### [Problem to work on]
Starting from the line with "BRITA MAXTRA+ Filter for water filter jugs" and going up to and including the line with "Det var så det: Fransk", copy the listing below exactly. Leave all images out.

=== Source information ===

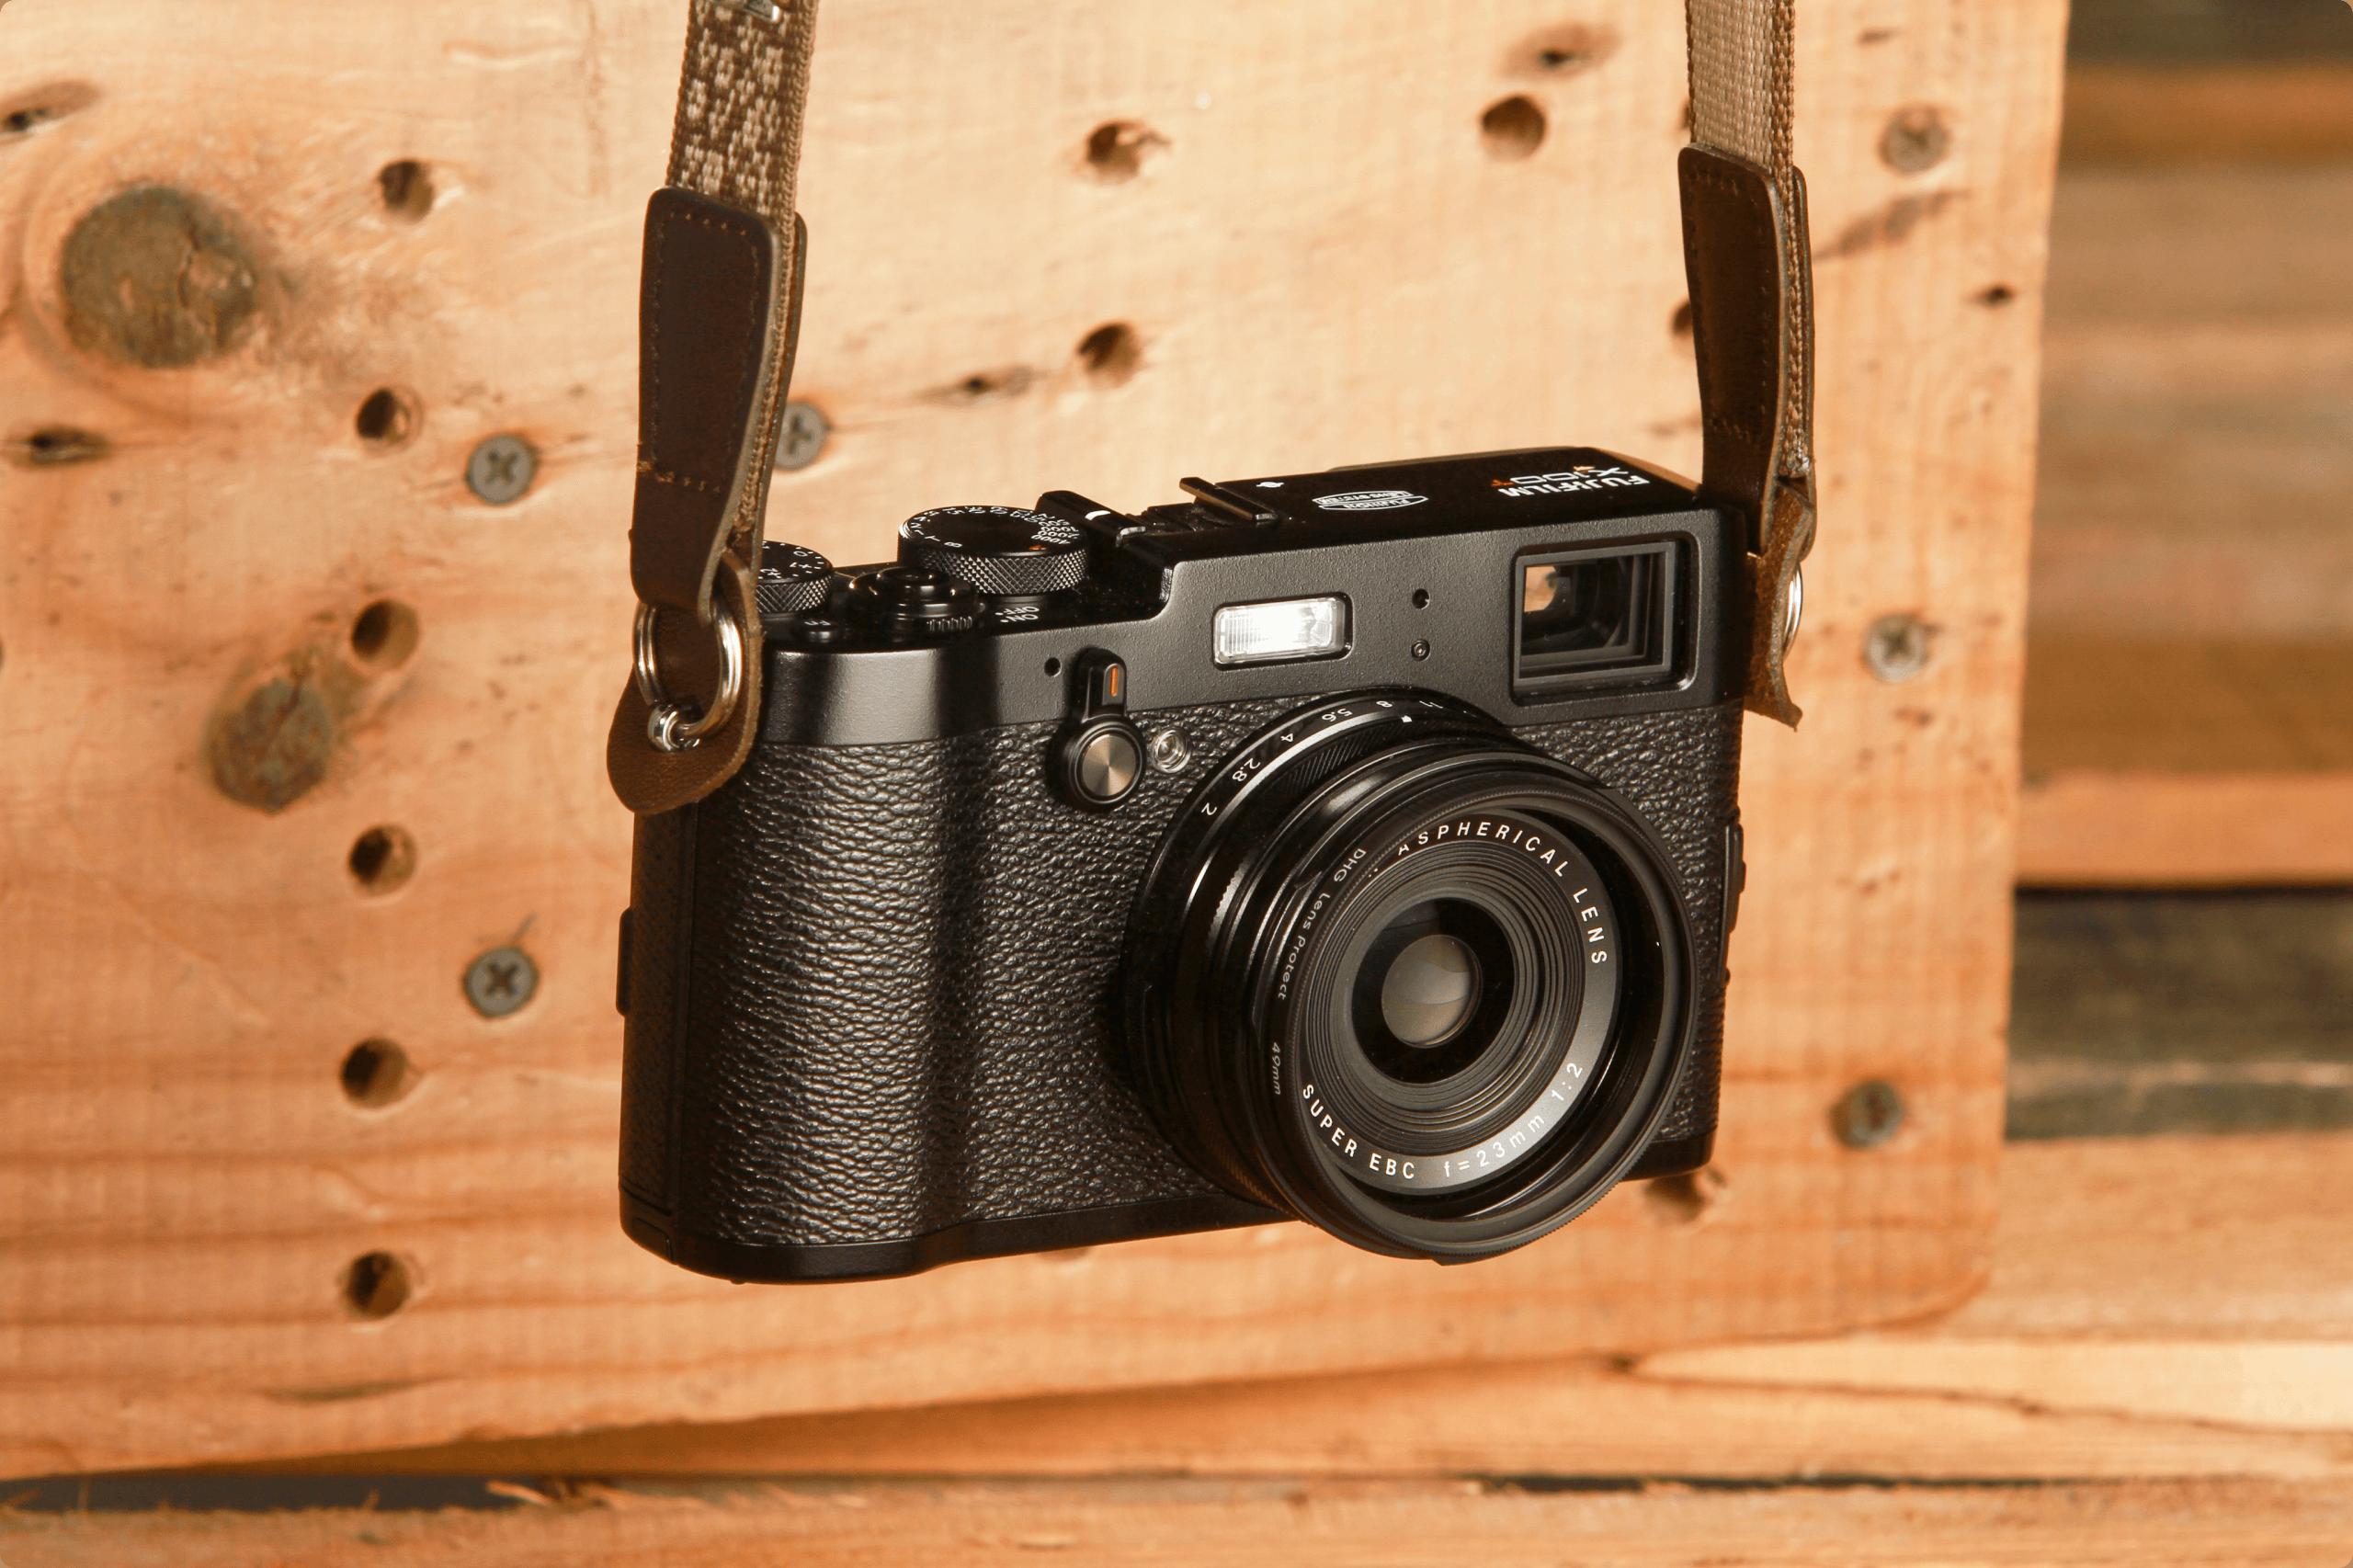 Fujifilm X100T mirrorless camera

===
=== Source information ===

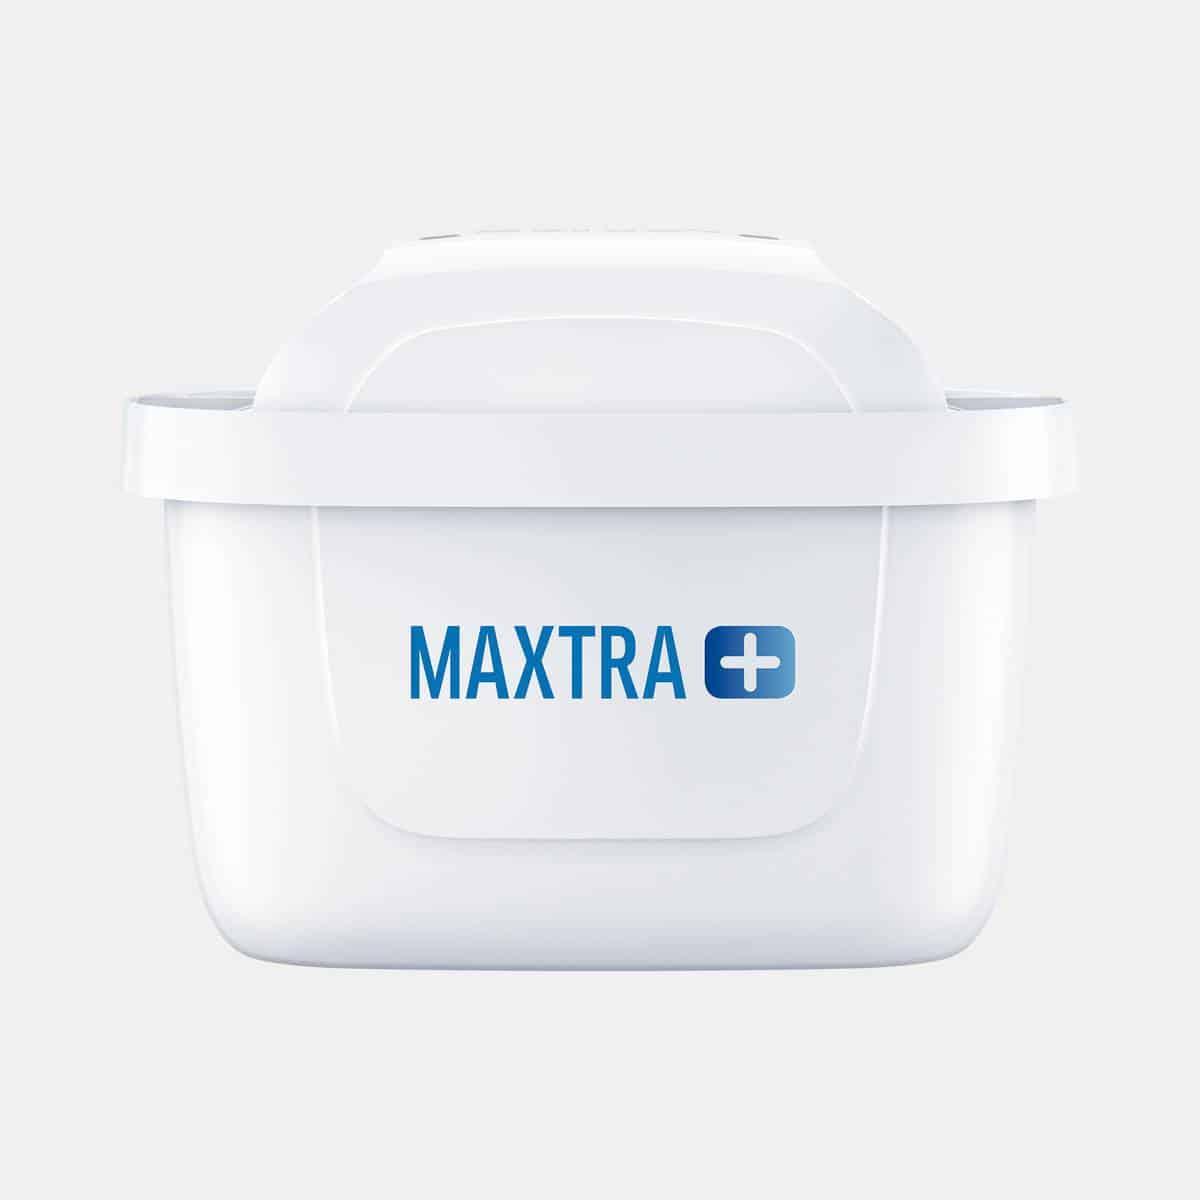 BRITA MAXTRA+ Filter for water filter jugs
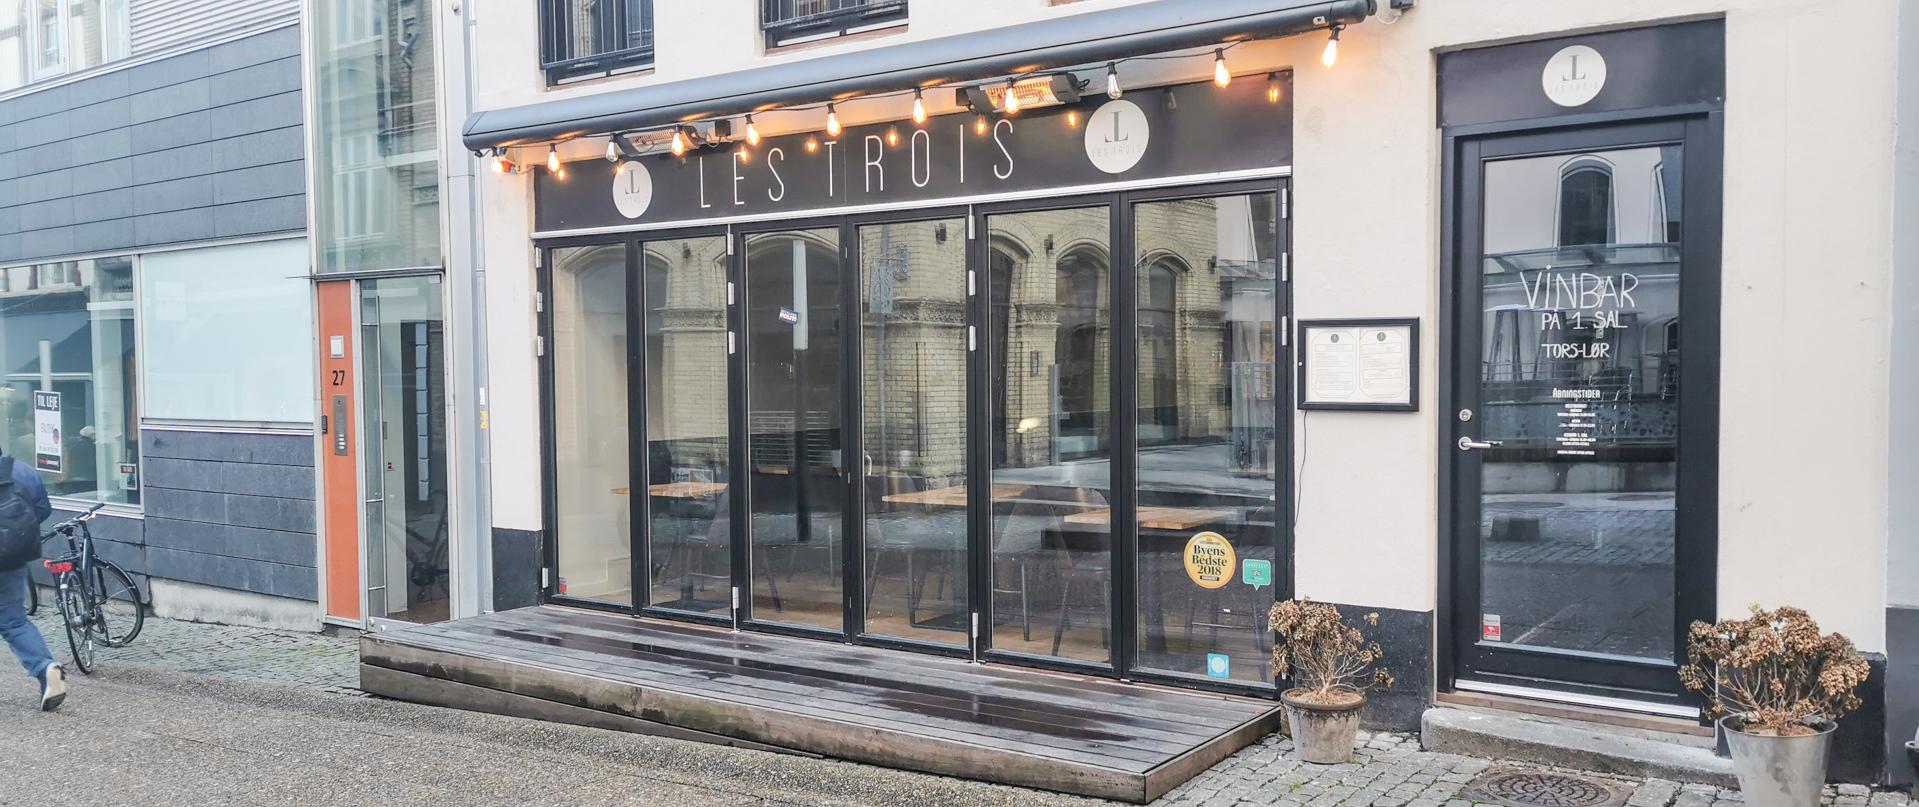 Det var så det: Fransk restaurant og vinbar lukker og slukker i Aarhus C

===

### [Exercise result]
 BRITA MAXTRA+ Filter for water filter jugs
 Det var så det: Fransk restaurant og vinbar lukker og slukker i Aarhus C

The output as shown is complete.